With unlimited capabilities, deep learning brings tremendous flexibility in recommender systems since it can be associated with various conventional models such as matrix factorization, factorization machines, and sparse linear models. Furthermore, its nonlinearity property enable the modeling of intricate user-item interactions that are not linear. Indeed, by using nonlinear activation functions, deep neural networks can accurately catch complex user-item interaction patterns and therefore significantly enhance recommendation performances. However, the latent feature extraction is the crucial step that is prior to the capture of nonlinear user-item interactions, and that therefore needs to be effectively performed. The proposed model efficiently merges the effectiveness of an enhanced matrix factorization with the power of deep neural networks in order to refine recommendations.

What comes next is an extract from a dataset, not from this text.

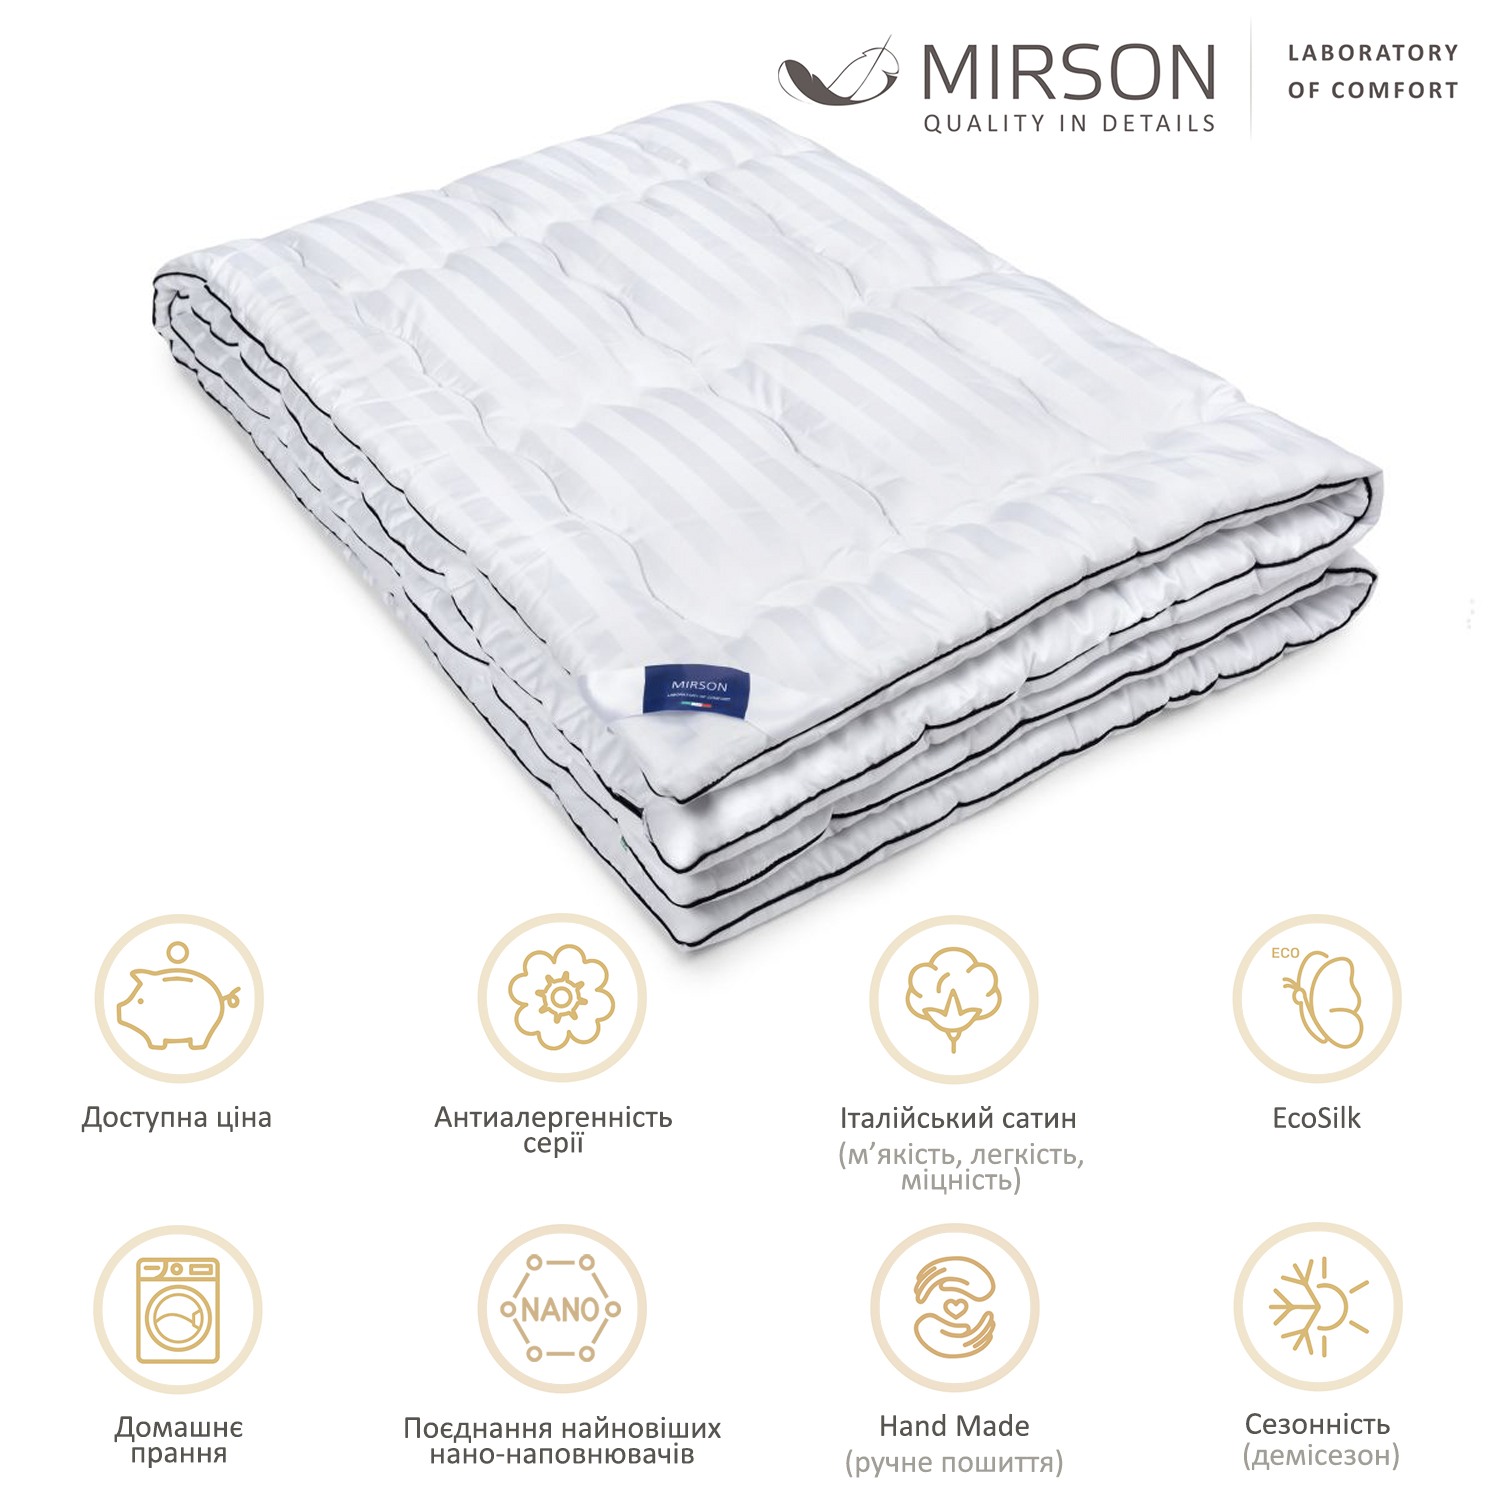 Одеяло антиаллергенное MirSon Royal Pearl Hand Made EcoSilk №066, демисезонное, 155x215 см, белое - фото 5

The improved matrix factorization performs the latent feature extraction while the neural architecture proceeds to the modeling of complex user-item interactions.

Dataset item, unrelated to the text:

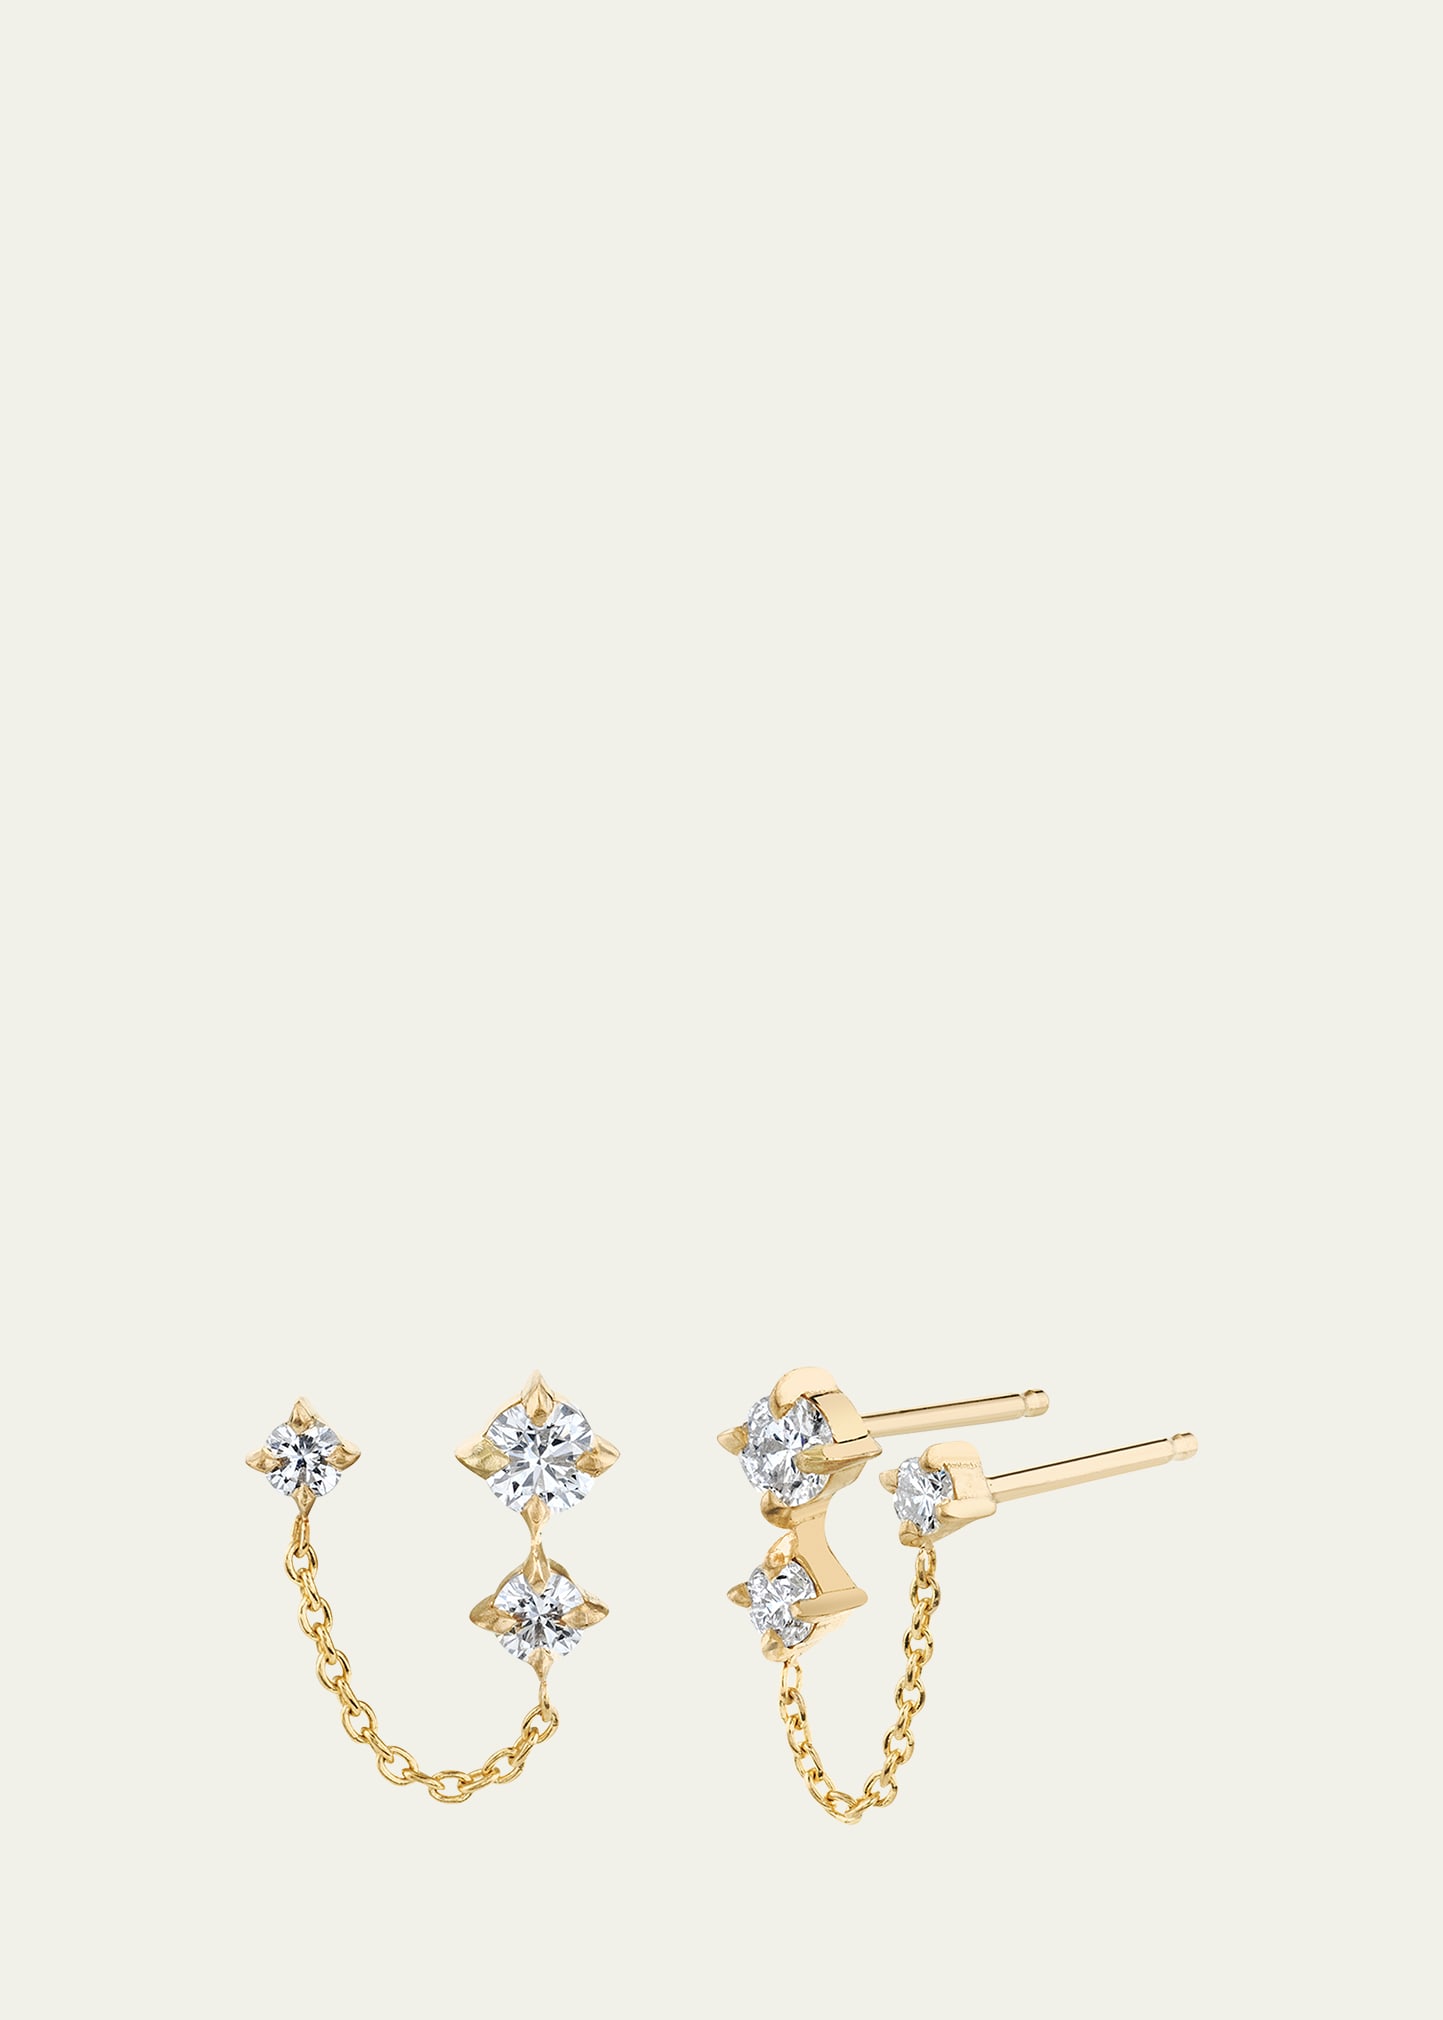 Lizzie Mandler Fine Jewelry Wave Double-Piercing 3 Diamond Stud Earring, Single

The next section presents the proposed method.

3 The proposed recommendation method

In this section, we present a recommendation model and its specifications. The proposed model is an association between an improved Matrix Factorization (MF) model and a novel deep neural architecture.

The next subsection details specifications of our proposal.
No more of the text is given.